One of the frustrations with machine learning, particularly in the area of image recognition, is that neural nets sometimes get things completely, laughably, inexplicably wrong. We question how an AI could be fed an image of an unmistakably dog-like dog and ascertain that it’s a pineapple. But new research from Johns Hopkins University, published in Nature Communications, demonstrates that there is a logic to these errors — one humans can intuitively understand, if pressed.
Researchers Zhenglong Zhou and Chaz Firestone conducted a series of experiments in which they presented human participants with adversarial image sets — images that contain tiny errors designed to deceive a machine learning model — and asked them to predict the labels certain Convolutional Neural Networks (CNNs) had applied to the images.

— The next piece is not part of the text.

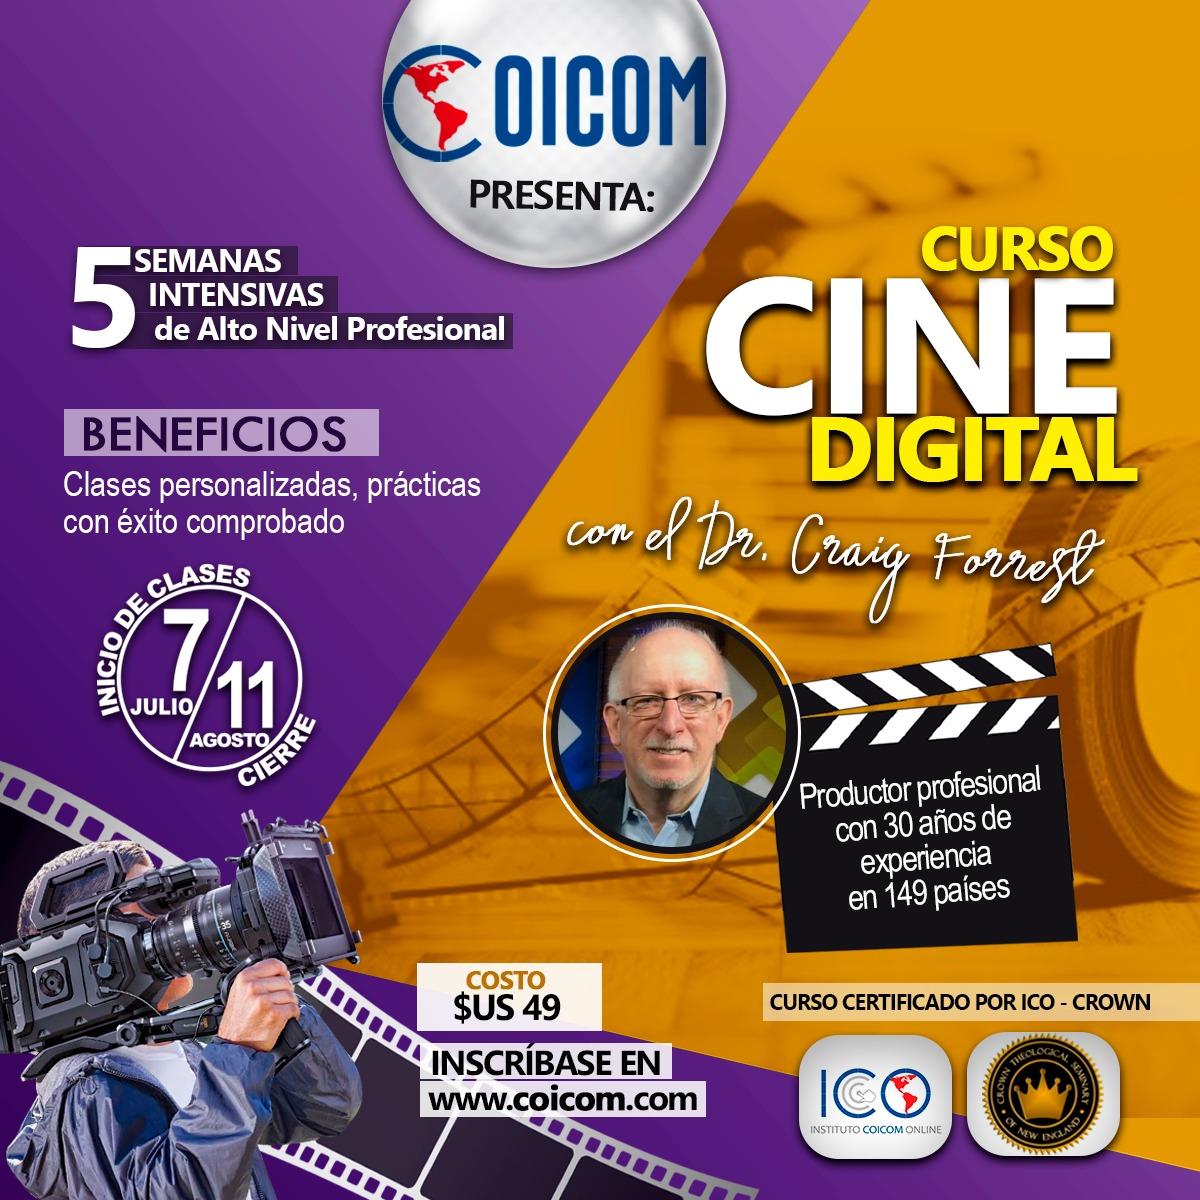 COICOM Y CROWN SEMINARY DIERON INICIO AL CURSO CINE DIGITAL CON CRAIG FORREST COMO FACILITADOR 2

In some cases, the CNNs had overcome the adversarial images and correctly applied labels, but in other instances they had whiffed. The researchers wanted to understand if humans would apply the same labels to each image, and — in the event the machines were tricked — surmise which incorrect labels had been applied. What the researchers found is that humans are quite good at intuiting a machine’s logic, even when that logic returns a seemingly ridiculous error.
“People have a good intuition for when a machine will misbehave,” Firestone told VentureBeat in a phone interview. “Machines that classify images are now very good — in fact, they’re better than you and me, on average. But they make mistakes that we usually don’t make.” He said that when he encountered some of those apparently silly errors himself, he noticed there actually seemed to be a logic behind it. “I thought, ‘Wait a second, is it really that mysterious?’” After looking at an image a CNN had misclassified as an armadillo, let’s say, he could understand why an AI may perceive it as “armadillo-ish.”

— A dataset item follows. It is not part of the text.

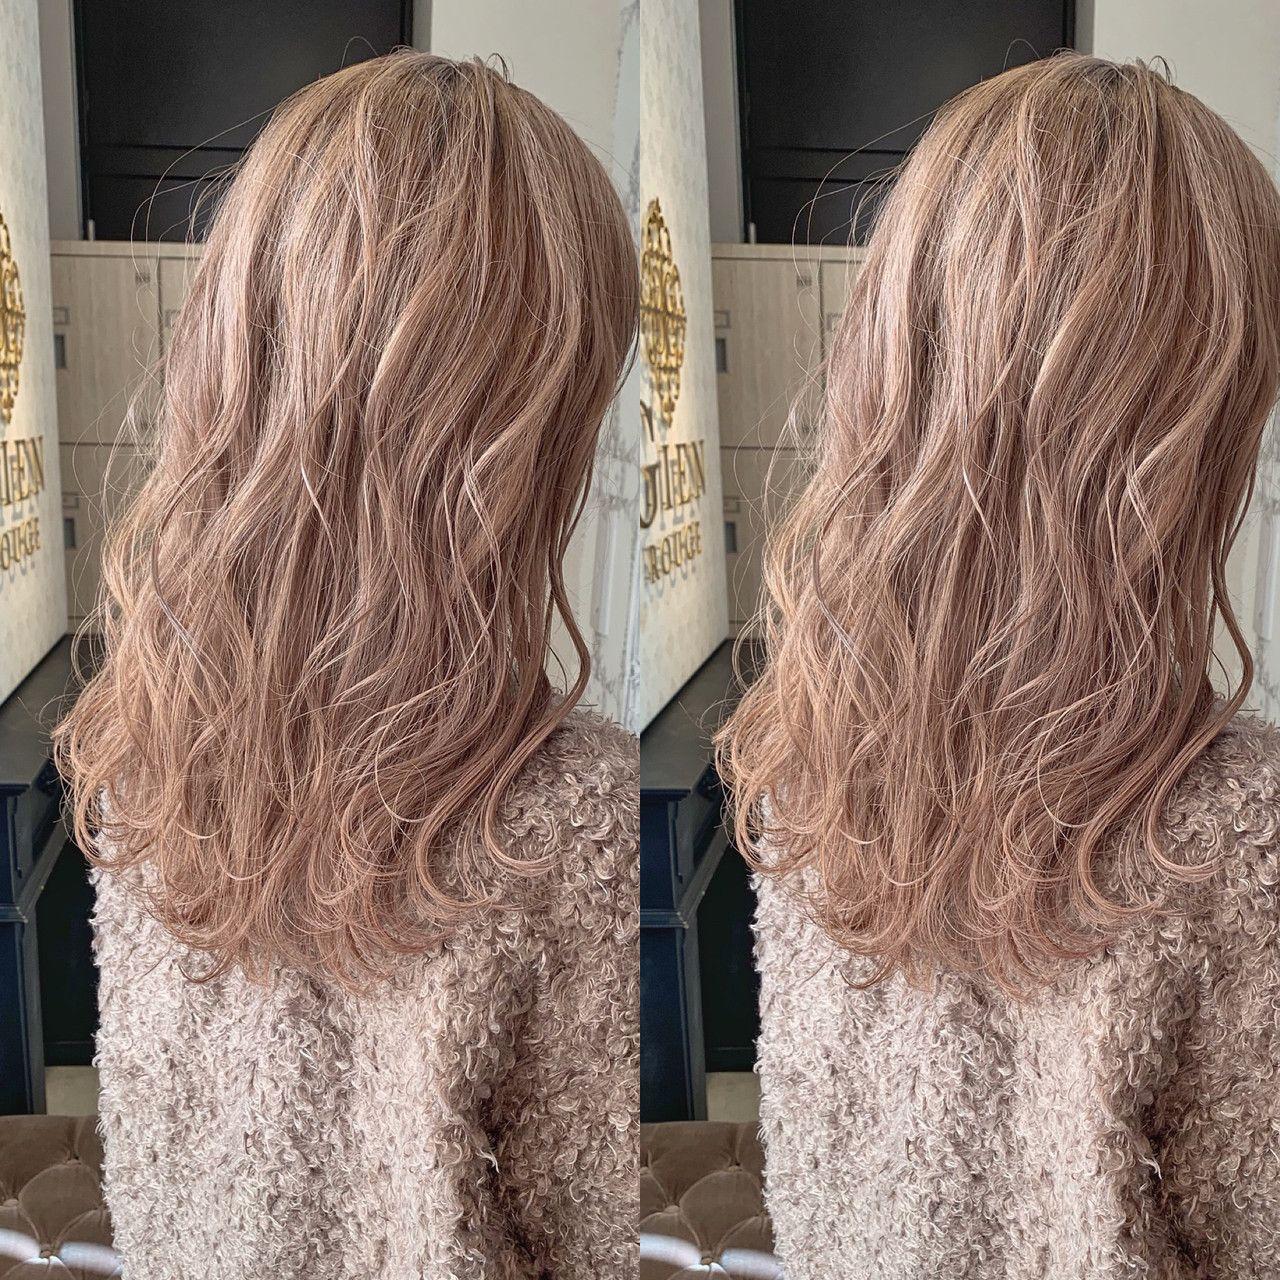 モテ重視 ミルクティーベージュは おフェロな魔法のヘアカラー Hair 髪色 ベージュ 髪色 ミルクティー 髪 色 明るめ

With this in mind, Zhou and Firestone designed a series of experiments to probe further. They collected 48 images that were “produced by several prominent adversarial attacks,” according to the paper, which is to say that although the sample size of images is relatively small, the images were selected for their ability to defeat CNNs. In the various experiments, the researchers ran the image set against CNNs like AlexNet and Inception V3.
Around 1,800 people participated in the study, recruited through Amazon’s Mechanical Turk to ensure strong diversity among the participants, compared to a sample consisting entirely of university students, for instance. Each of the eight experiments in the study contained 200 individuals, save for one that had 400. This means the results of each experiment are from completely different sets of test subjects.